* [Extracted records]:
----
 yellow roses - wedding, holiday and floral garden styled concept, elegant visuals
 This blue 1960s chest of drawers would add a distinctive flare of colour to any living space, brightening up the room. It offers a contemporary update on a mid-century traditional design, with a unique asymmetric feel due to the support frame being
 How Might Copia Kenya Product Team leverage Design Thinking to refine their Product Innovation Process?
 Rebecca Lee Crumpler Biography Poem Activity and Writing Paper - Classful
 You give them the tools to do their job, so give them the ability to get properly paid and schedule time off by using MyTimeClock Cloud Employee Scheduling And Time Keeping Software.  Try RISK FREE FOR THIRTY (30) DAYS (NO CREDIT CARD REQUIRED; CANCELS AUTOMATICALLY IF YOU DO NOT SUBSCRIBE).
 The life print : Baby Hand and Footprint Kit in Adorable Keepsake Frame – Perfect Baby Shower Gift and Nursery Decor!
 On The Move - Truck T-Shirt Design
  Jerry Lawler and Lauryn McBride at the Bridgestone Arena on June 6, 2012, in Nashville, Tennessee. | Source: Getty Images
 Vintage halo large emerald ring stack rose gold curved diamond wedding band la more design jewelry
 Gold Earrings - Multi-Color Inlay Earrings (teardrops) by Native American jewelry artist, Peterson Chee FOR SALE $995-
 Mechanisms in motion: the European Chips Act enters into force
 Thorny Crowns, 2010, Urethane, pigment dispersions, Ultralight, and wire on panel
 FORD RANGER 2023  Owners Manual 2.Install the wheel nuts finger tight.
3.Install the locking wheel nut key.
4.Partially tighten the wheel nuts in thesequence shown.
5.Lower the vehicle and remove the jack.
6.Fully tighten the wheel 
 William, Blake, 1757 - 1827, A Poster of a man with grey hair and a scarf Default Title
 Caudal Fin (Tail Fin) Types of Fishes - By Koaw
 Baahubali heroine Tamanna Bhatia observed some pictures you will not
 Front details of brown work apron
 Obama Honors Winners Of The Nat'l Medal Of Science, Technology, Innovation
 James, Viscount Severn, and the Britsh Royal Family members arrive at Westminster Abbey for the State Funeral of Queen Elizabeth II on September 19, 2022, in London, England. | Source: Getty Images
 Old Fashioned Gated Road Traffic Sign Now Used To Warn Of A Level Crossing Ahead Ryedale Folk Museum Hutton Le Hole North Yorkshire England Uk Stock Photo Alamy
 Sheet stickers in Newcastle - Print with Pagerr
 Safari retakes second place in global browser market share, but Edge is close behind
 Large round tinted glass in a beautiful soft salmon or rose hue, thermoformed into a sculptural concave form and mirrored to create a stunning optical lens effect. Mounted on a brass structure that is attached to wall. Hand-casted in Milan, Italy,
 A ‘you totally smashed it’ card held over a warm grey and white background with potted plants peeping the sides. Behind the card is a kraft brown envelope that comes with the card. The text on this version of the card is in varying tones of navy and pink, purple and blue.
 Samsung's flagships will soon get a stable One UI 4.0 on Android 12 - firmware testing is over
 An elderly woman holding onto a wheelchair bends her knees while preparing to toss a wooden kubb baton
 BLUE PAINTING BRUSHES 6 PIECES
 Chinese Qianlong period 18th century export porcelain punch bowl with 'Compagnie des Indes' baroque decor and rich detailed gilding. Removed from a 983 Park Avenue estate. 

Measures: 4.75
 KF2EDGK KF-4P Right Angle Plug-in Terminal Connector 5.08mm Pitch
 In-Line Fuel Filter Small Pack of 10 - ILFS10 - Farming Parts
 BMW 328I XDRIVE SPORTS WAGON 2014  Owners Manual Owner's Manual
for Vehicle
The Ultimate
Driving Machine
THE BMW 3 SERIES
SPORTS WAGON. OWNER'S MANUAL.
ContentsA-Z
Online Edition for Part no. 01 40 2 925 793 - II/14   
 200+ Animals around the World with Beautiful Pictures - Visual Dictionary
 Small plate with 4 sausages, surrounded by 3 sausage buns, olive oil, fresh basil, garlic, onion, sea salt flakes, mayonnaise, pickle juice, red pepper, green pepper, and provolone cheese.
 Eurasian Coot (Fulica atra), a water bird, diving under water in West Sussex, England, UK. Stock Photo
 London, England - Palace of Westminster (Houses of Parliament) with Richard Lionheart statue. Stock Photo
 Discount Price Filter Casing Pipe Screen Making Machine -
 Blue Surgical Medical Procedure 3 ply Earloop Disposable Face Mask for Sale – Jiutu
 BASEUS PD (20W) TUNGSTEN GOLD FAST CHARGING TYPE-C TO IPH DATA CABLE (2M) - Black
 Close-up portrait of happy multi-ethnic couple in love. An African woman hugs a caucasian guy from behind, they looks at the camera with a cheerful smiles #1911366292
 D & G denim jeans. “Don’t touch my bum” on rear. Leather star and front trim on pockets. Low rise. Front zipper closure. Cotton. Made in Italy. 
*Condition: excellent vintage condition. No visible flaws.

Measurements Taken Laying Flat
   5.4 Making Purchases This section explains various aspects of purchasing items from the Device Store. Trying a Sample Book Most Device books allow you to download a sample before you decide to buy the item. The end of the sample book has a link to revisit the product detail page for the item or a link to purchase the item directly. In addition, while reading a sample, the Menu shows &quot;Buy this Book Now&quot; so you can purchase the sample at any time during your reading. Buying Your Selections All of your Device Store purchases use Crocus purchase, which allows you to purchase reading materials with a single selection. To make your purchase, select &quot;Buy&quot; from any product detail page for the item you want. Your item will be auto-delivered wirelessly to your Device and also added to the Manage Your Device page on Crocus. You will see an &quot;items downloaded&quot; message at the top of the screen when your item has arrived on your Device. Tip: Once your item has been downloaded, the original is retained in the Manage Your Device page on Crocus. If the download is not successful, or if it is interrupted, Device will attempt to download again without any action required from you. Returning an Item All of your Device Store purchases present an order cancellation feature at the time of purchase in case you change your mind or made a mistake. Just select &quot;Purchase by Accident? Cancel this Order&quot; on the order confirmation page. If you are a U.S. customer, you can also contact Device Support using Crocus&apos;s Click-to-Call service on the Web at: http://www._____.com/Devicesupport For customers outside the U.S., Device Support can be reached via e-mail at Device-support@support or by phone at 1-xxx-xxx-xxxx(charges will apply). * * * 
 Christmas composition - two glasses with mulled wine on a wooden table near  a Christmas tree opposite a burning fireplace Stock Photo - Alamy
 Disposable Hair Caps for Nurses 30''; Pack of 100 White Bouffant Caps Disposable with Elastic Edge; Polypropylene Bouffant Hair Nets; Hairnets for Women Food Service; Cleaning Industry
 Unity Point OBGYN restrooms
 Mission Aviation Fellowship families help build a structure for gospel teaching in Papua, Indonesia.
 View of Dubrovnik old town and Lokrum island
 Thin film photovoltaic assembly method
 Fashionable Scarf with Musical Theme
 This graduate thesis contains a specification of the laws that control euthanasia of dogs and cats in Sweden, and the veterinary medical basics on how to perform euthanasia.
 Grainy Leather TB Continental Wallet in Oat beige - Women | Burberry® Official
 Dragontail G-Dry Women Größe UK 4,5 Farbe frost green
----
* [Task description]: Only one stretch of the entries above is wanted: the lines from the one containing "FORD RANGER 2023" through the one containing "Obama Honors Winners". Please reproduce it exactly.

* [Worked solution]:
 FORD RANGER 2023  Owners Manual 2.Install the wheel nuts finger tight.
3.Install the locking wheel nut key.
4.Partially tighten the wheel nuts in thesequence shown.
5.Lower the vehicle and remove the jack.
6.Fully tighten the wheel 
 William, Blake, 1757 - 1827, A Poster of a man with grey hair and a scarf Default Title
 Caudal Fin (Tail Fin) Types of Fishes - By Koaw
 Baahubali heroine Tamanna Bhatia observed some pictures you will not
 Front details of brown work apron
 Obama Honors Winners Of The Nat'l Medal Of Science, Technology, Innovation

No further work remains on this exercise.